The validation accuracy curves in Figure 6 illustrate how well the models generalize to unseen data over 20 epochs. EfficientNet-B0 (97%) and MobileNetV3-Large (96%) maintain strong performance, confirming their high generalization capability and efficient feature extraction. GoogleNet (InceptionV3) reaches 94%, while RegNetY achieves 95%, demonstrating their ability to effectively classify macrofungi species. ShuffleNet also stabilizes at 96%, reinforcing its efficiency in lightweight architectures. In contrast, EfficientNet-B4 (85%) and ResNetV2-50 (90%) show relatively lower validation accuracy, suggesting that larger models may require more training data or further fine-tuning to prevent underfitting or overfitting. MnasNet (80%) and Xception (88%) display moderate performance, while SqueezeNet (79%) struggles the most, likely due to its highly compressed architecture limiting its feature extraction capacity. Overall, models with balanced depth and optimized scaling perform best, while extremely deep or lightweight models may require additional adjustments for optimal validation performance.

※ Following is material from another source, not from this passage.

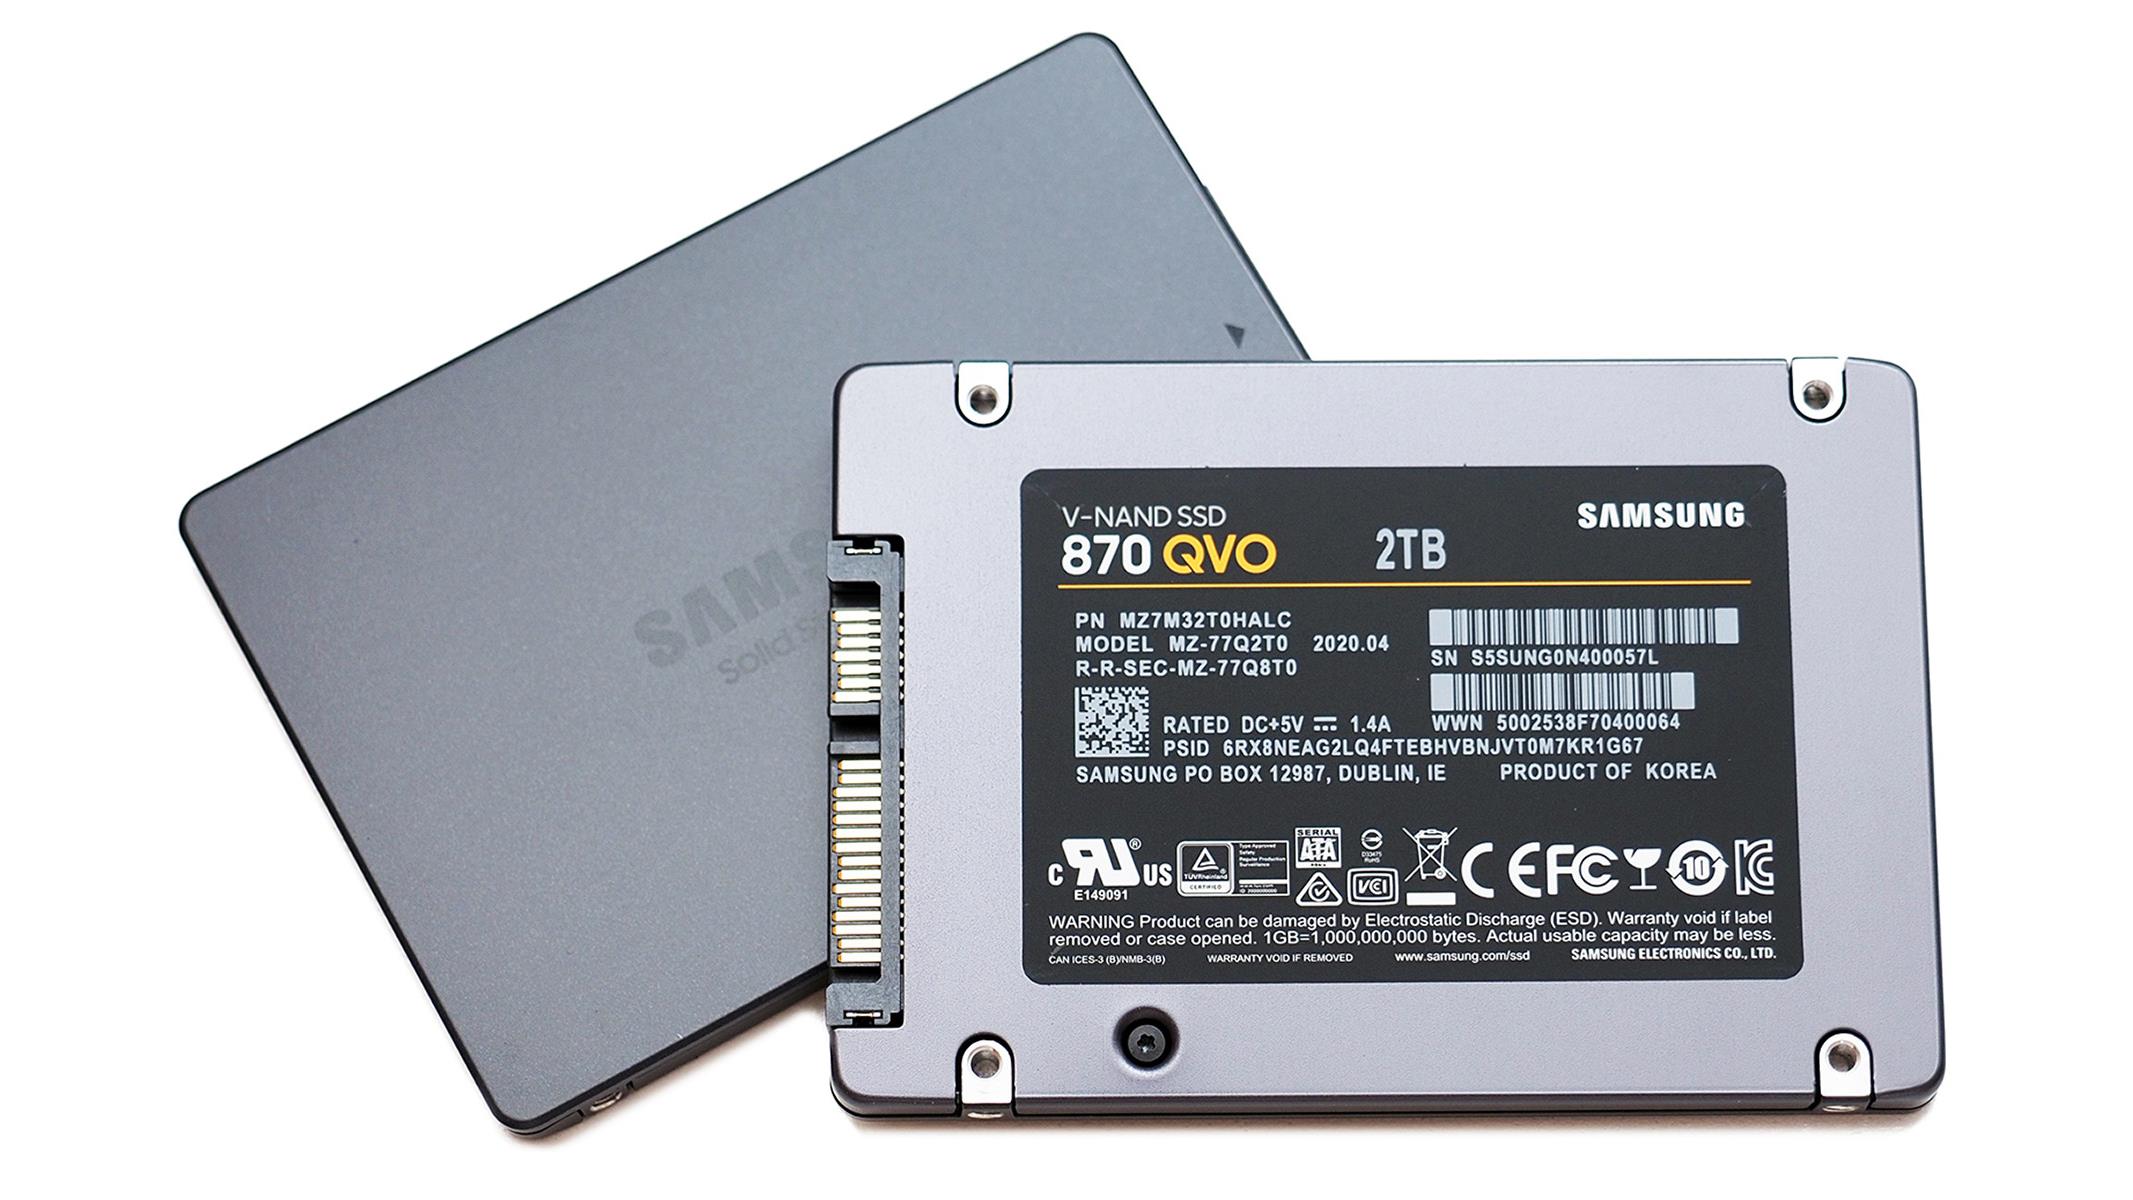 Samsung SSD 870 QVO 2TB SSD Falls To Just $199, Apple AirPods Pro

The training loss curves in Figure 7 illustrate how different models minimize their error over 20 epochs, providing insight into their learning stability and convergence behavior. GoogleNet (InceptionV3) achieves the lowest final loss (0.0034), indicating rapid convergence and minimal training error, followed closely by ShuffleNet (0.0059), MnasNet (0.0111), and MobileNetV3-Large (0.0164), all of which exhibit smooth loss reduction and stable learning patterns. RegNetY (0.0193) and EfficientNet-B0 (0.0369) also maintain consistently low loss, reaffirming their strong learning efficiency. EfficientNet-B4 (0.6859) and ResNetV2-50 (0.3777) show slightly higher loss values, suggesting that deeper architectures require more training epochs or larger datasets for optimal convergence. SqueezeNet (1.3589) records the highest loss, reflecting its limited capacity for deep feature extraction due to aggressive parameter compression. Xception (0.1671) stabilizes at a moderate loss, indicating it converges but not as effectively as more optimized architectures. Overall, the results confirm that models with well-balanced depth and efficient scaling achieve the lowest training loss, while extremely deep or compressed networks may require further adjustments for improved learning efficiency.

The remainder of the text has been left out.